I am sure you can learn to find things on your own.

I suggest you learn how to use www.google.com

You should really learn to do your own work, but here is starter for you.

Losing Bin Laden: How Bill Clinton's Failures Unleashed Global Terror By Horace Cooper

Excerpts from reviews:

"Losing Bin Laden" details the visit in 1996 of Sudan's Minister of State for Defense - then Elfatih Erwa - who offered to arrest and turn over bin Laden.

Sudan had turned over international terrorist Carlos the Jackal to the French government in 1994 and offered to do the same for the U.S. in hopes of bettering relations with the U.S.

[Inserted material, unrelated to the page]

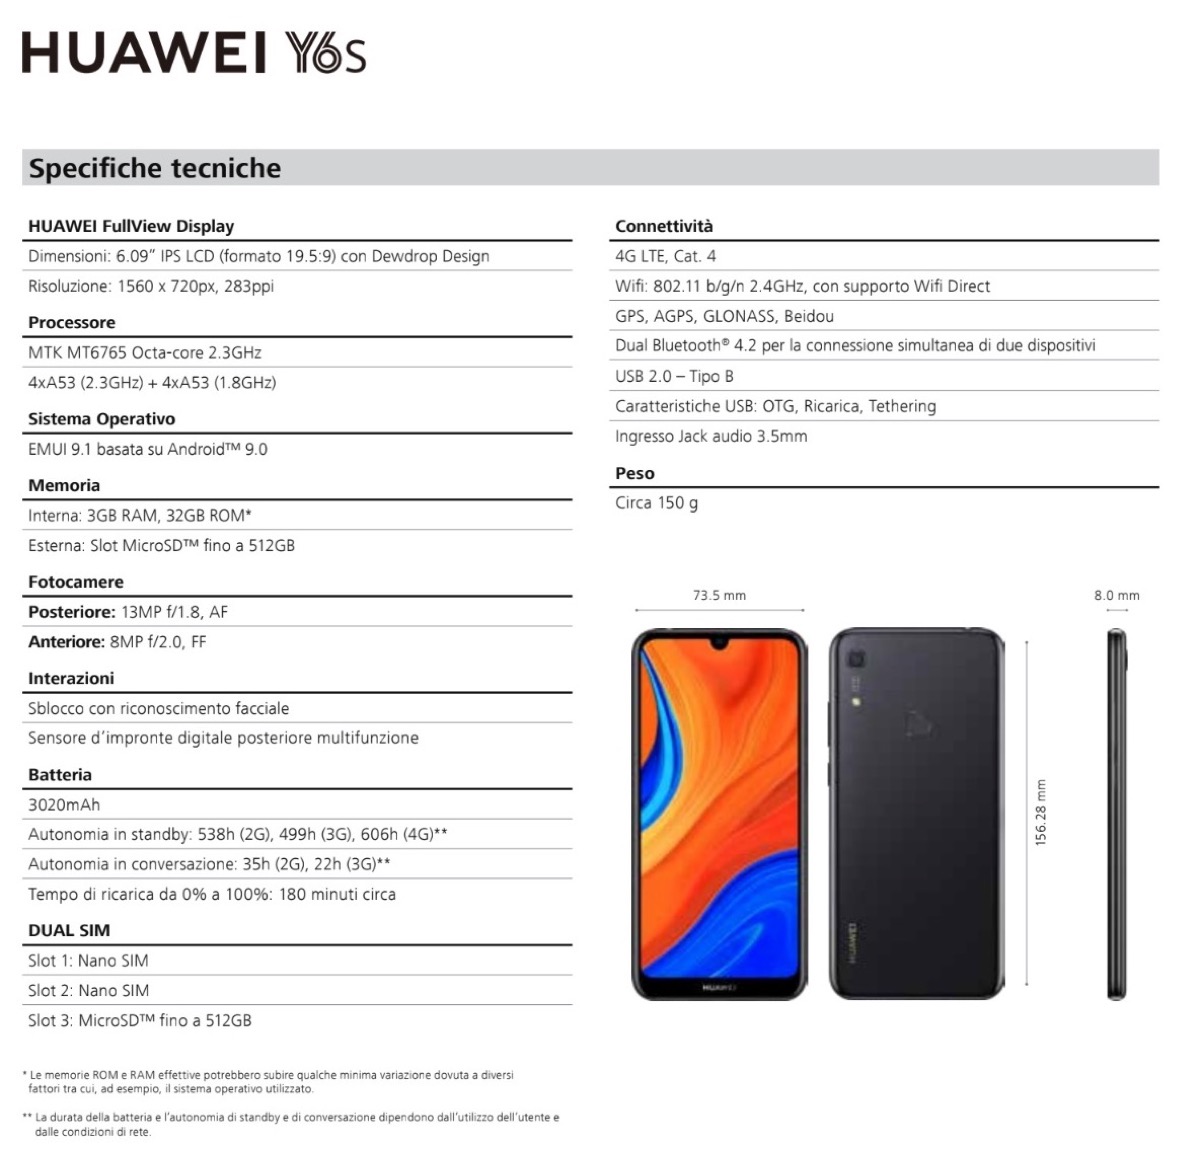 Nuovo smartphone Huawei Y6s, la sfida è nel prezzo

The official response of the CIA official was "we have nothing we can hold him on." Tragically, "over the next few months and years, Sudan would repeatedly try to provide its voluminous intelligence files on bin Laden to the CIA, the FBI, and senior Clinton Administration officials - and would be repeatedly rebuffed."

snip

As Janet McElligott (who has represented the government of Sudan in Washington) explains, even though the "Saudis wanted bin Laden 'neutralized,' they didn't want the responsibility of doing it themselves." The Clinton Administration however insisted on getting Saudi Arabia to take bin Laden in to custody and at the same time refused the Saudi royal family's request for intelligence in "permanently removing" bin Laden from the Sudan.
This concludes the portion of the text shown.